Kemudian 10% dari APBN Indonesia atau sebesar Rp 210 triliun lebih ini masih bersandarkan pada industri hasil tembakau. Selain itu, ada sekitar jutaan tenaga kerja bergantung pada industri ini. Maka, industri hasil tembakau juga mampu menyerap tenaga kerja.

Baca Juga: Industri Rokok Pesimis Target Cukai Tahun 2023 Bisa Tercapai

Di sisi lain hasil produk tembakau juga berdampak pada sektor kesehatan, dimana pada Kementerian Kesehatan sendiri memiliki target untuk menurunkan angka prevalensi perokok terutama pada usia anak dan remaja. Tak lupa rokok juga berdampak pada kesehatan dengan menimbulkan potensi penyakit tidak menular.

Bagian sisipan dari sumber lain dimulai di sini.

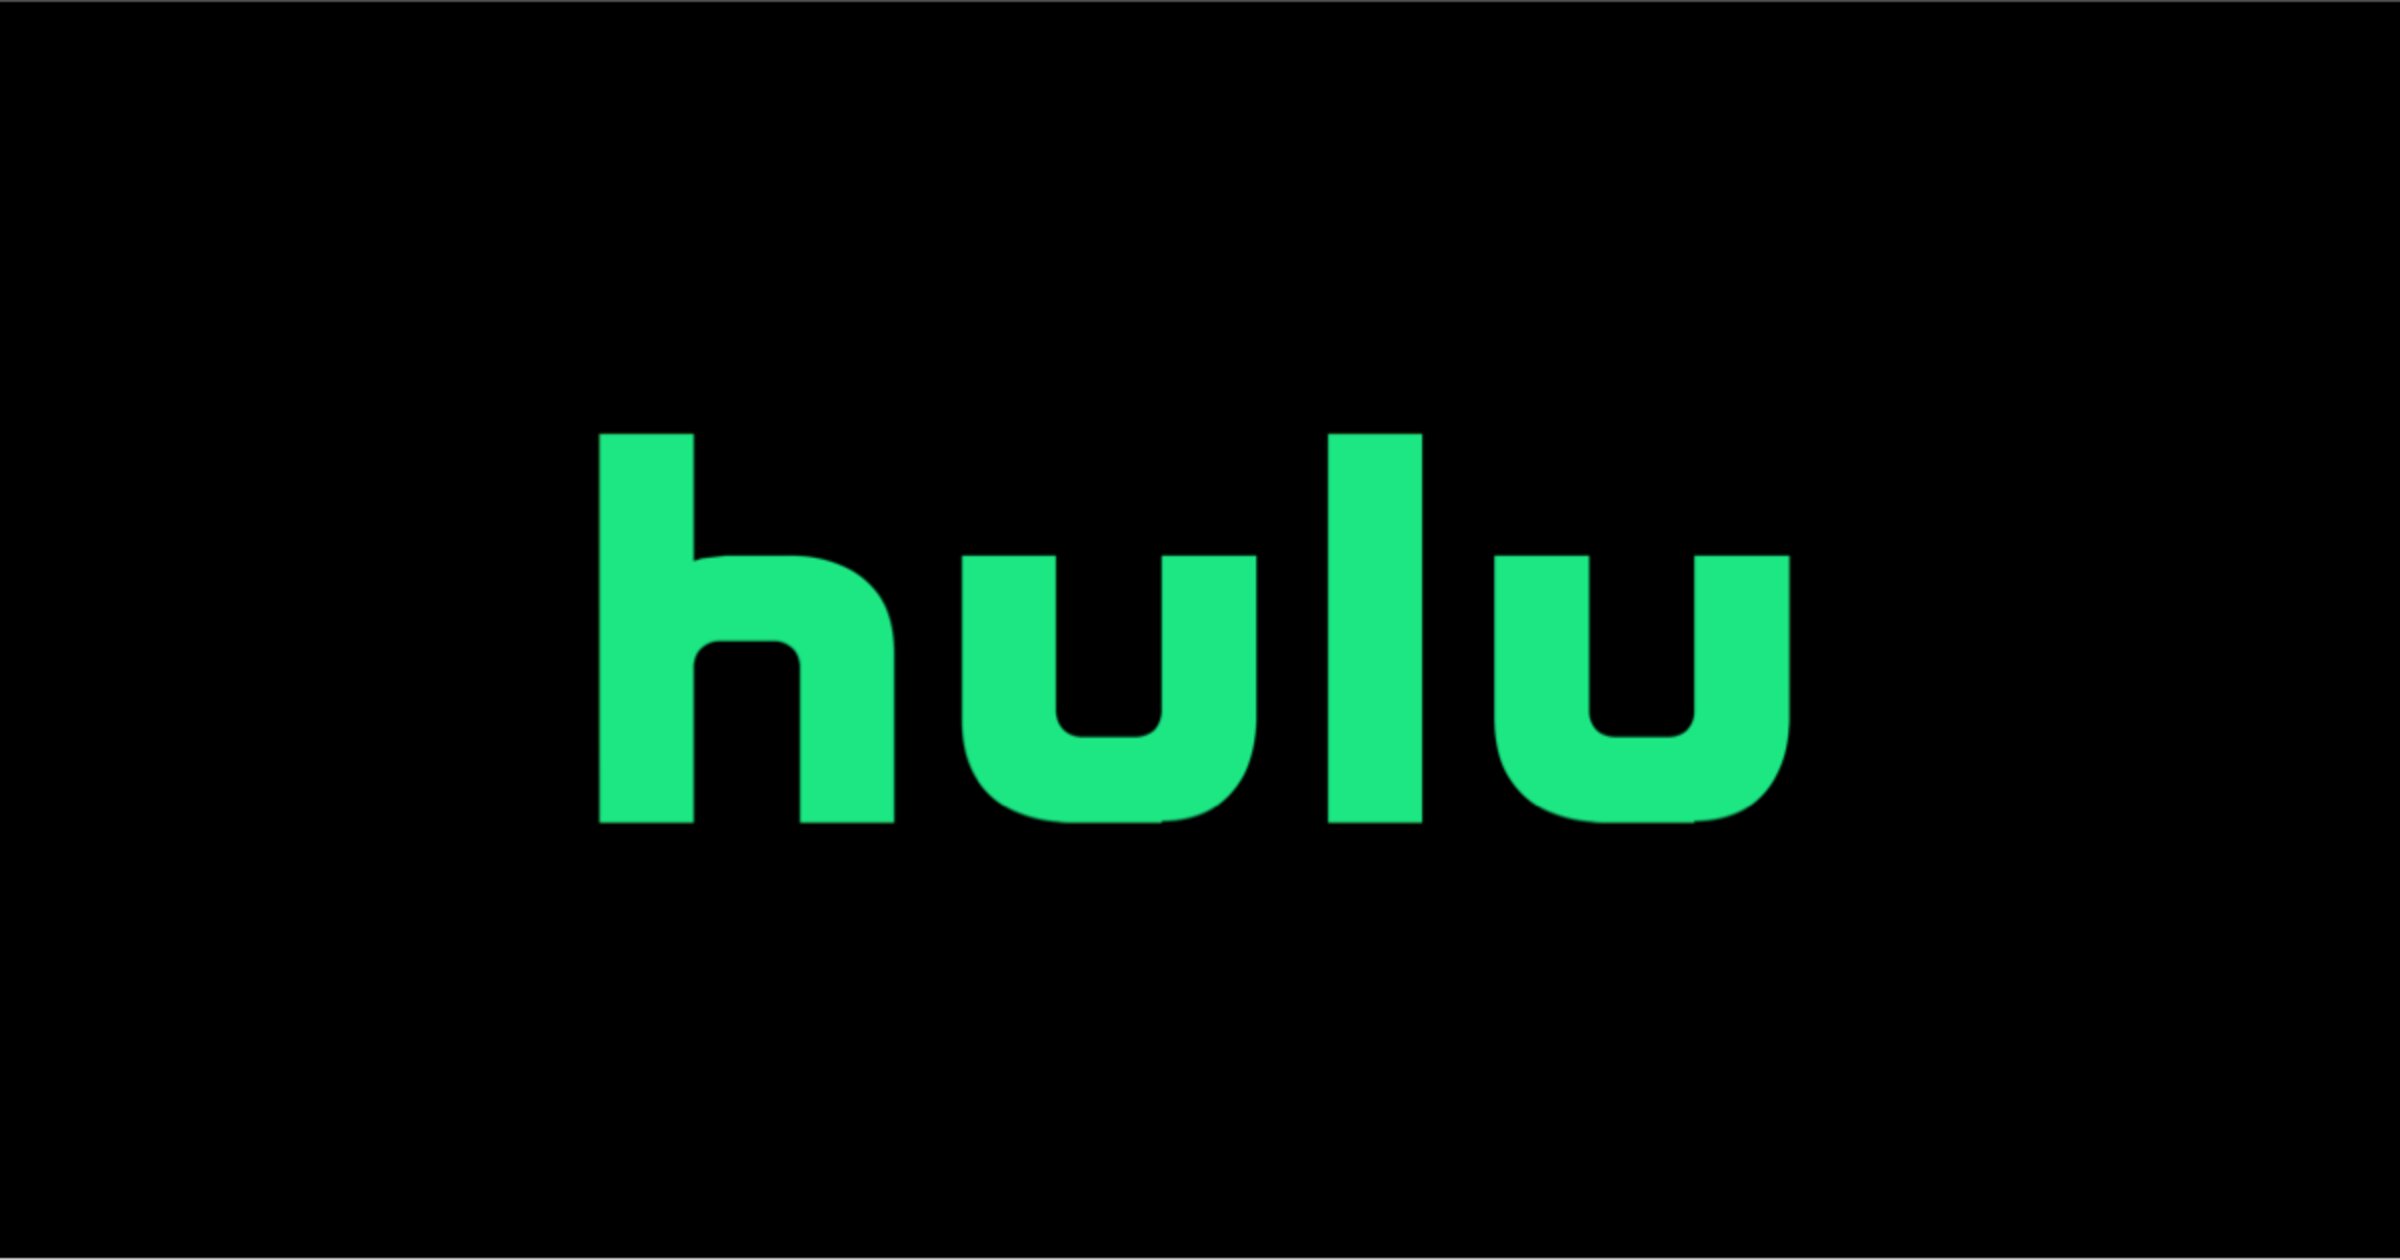 Hunting for the elusive Hulu phone number? Although they've traded the handset for hashtags, find how Hulu's tech-savvy customer service options keep you connected.

Atas berbagai pandangan baik dari sisi ekonomi, ketenagakerjaan, industri dan kesehatan tersebut maka Atong menegaskan pihaknya harus dapat membuat kebijakan yang seimbang dengan mengakomodir berbagai kepentingan Kementerian/Lembaga.

"Kami mencoba untuk mencari titik keseimbangan kebijakan karena di samping kita mengakomodir isu kesehatan dalam rangka penurunan prevalensi rokok anak ini juga kami mempertimbangkan kepentingan Kementerian dan Lembaga yang ada di Indonesia. Harus mampu jadi jalan tengah bagi kepentingan-kepentingan yang ada," jelasnya.

Oleh sebab itu, atas saran Presiden Joko Widodo, Kementerian Koordinator Bidang Perekonomian saat ini sedang menyusun roadmap produk hasil tembakau. Atong menyebut pihaknya bersama dengan Kementerian/Lembaga sedang membahas lebih detil mengenai peta jalan tersebut.

"Intinya roadmap produk hasil tembakau ini melibatkan seluruh Kementerian lembaga baik dari Kementerian Kesehatan, Kementerian Ketenagakerjaan, Kementerian Pertanian dan Kementerian Keuangan," ungkapnya.